Validation of antibodies in a specific application depends on the application and the results of the general validation methods outlined above. For example, in imaging applications, ensuring that the signal localizes to the correct cell type or compartment within a cell or tissue is critical.

Using agonists or inhibitors to induce translocation, expression, degradation or other changes in relative signal can be very useful for verifying that your antibody is detecting the right target. Use the biology of the target to design experiments that will help develop a validation strategy.
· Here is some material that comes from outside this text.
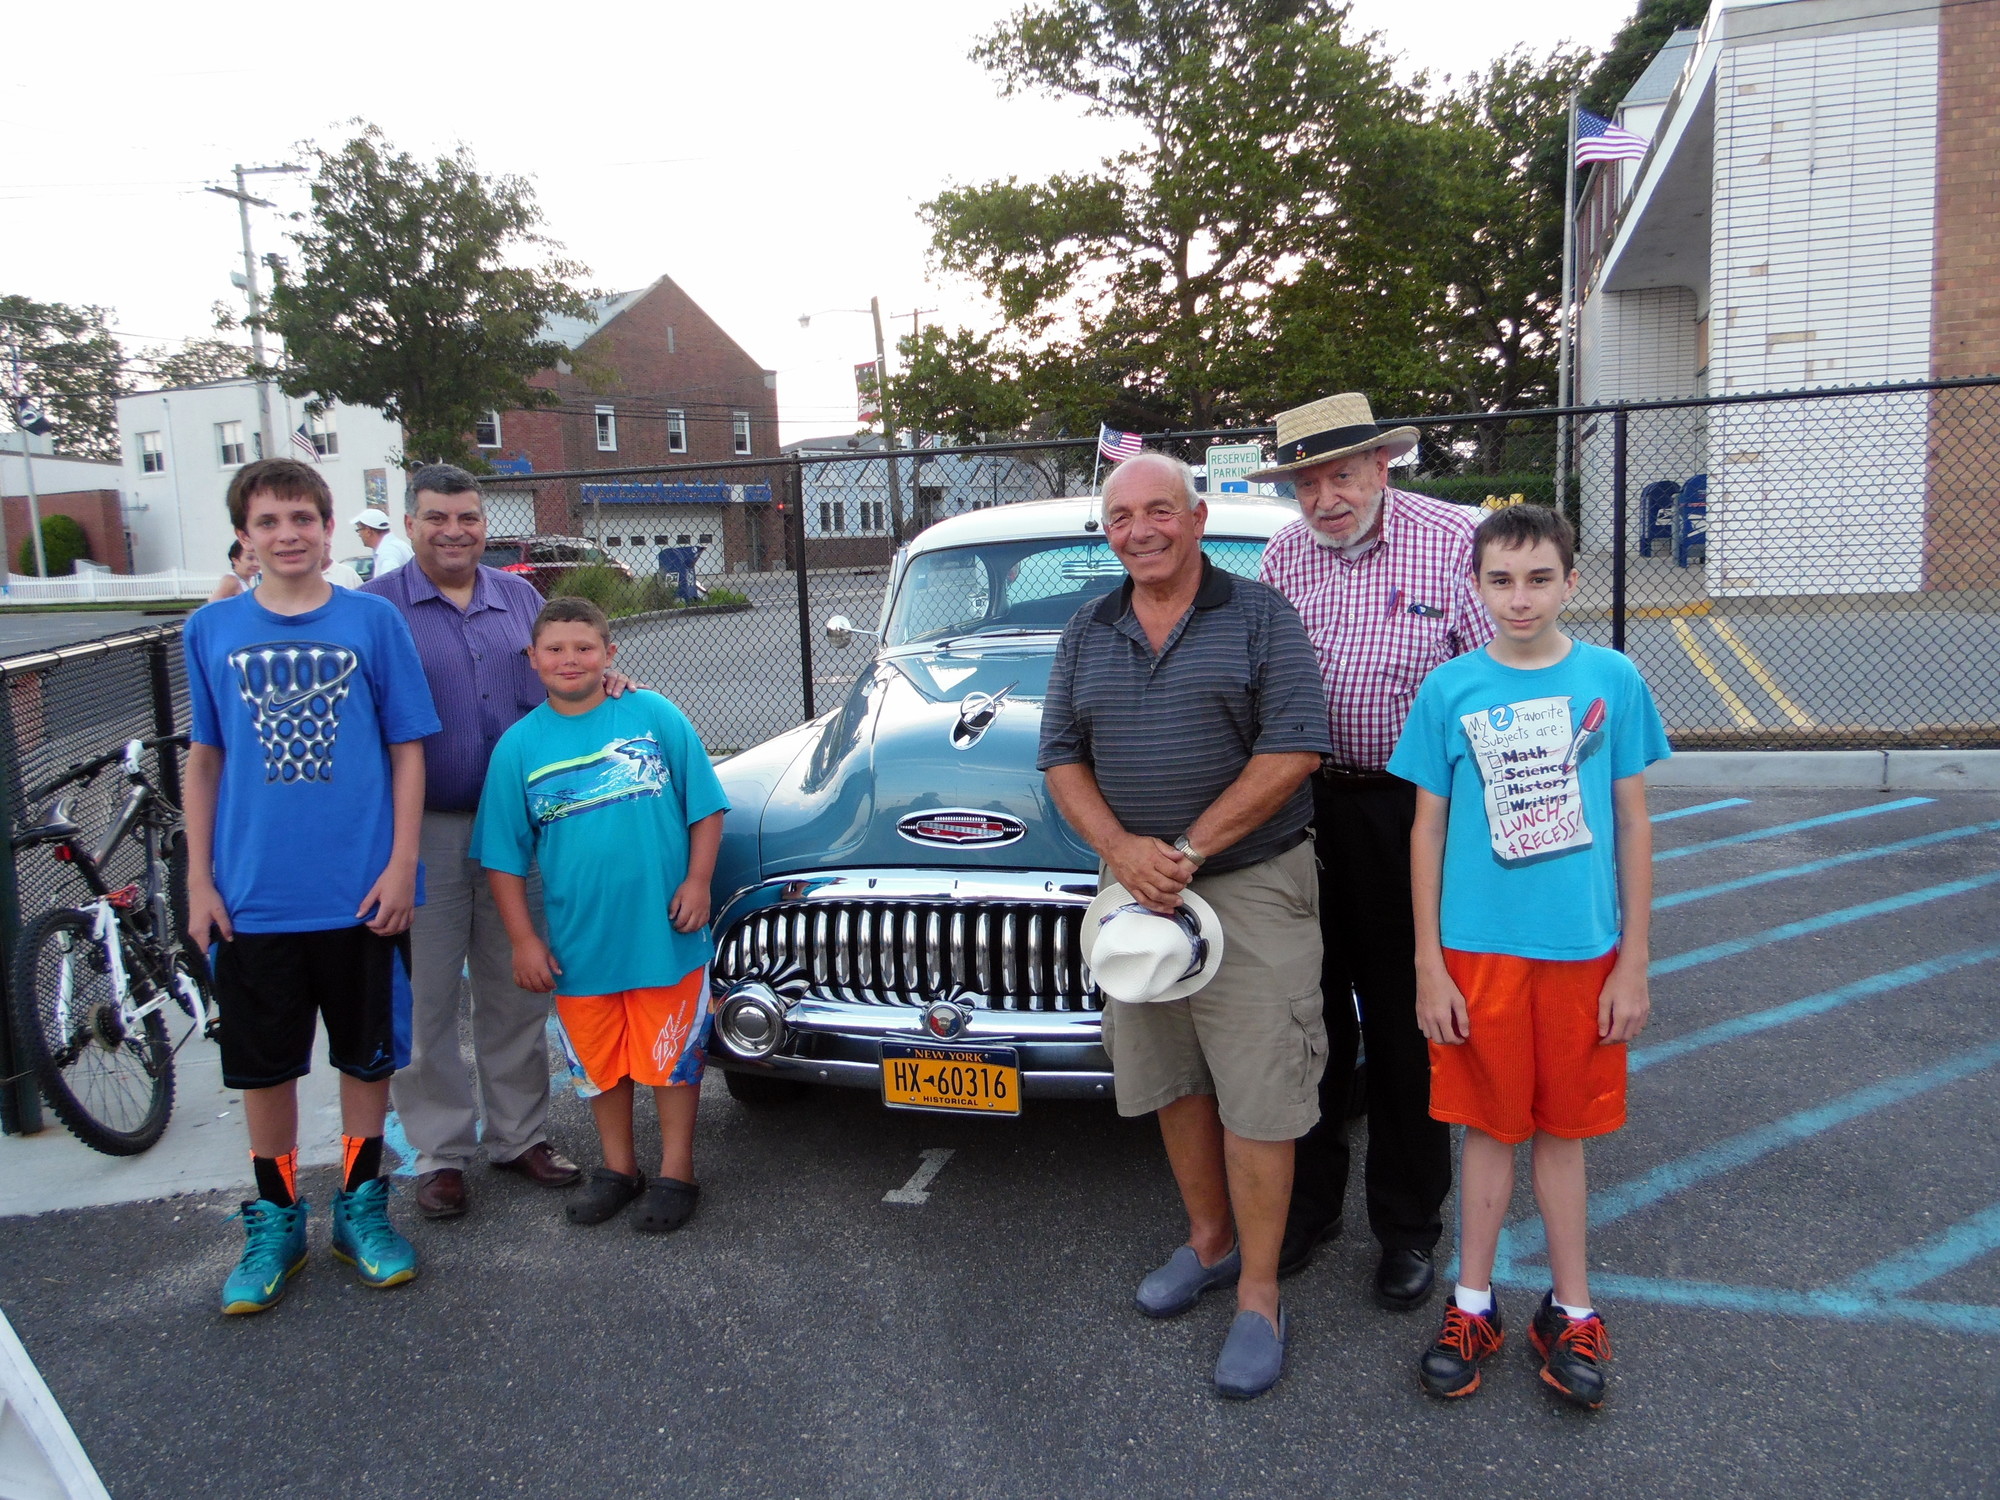 Car show coordinator Rich Cittadino, third from right, welcomed his helpers, local officials, and members of the East Rockaway Education Foundation. With him in front of a Buick Special Riviera were, from left, Matt Miller, 14, Mayor Bruno Romano and his 9-year-old son, Joseph, EREF President Richard Meagher, and Scott Buzzolani, 14, The boys helped put together the raffle baskets.

For enrichment-based applications such as IP and ChIP, ensuring the IP works using two different antibodies as described above should be the first choice but one can also use heterologous, epitope-tagged proteins to validate that the antibody works in an IP assay by using the target-specific antibody for the enrichment and the tag antibody for detection. If so equipped, IP followed by mass spectrometry can also be used to verify the proteins enriched during an IP.

The importance of cross-application validation cannot be underestimated. A simple western blot prior to using an antibody for IHC can provide insight regarding the specificity and potential off-target interactions of an antibody. However, doing this correctly means using the same model for both the western blot and IHC experiments. Similarly, immunocytochemical methods can be used to confirm observations made by flow cytometry due to the similarly in methods used to fix and stain the cells.

Most critically, every experiment should include all correct positive and negative controls including experimental, loading, and isotype controls depending on the experimental design and application being used. This ensures the efficacy of the antibody but also that the experiment itself worked independent of the specificity and functionality of the antibody.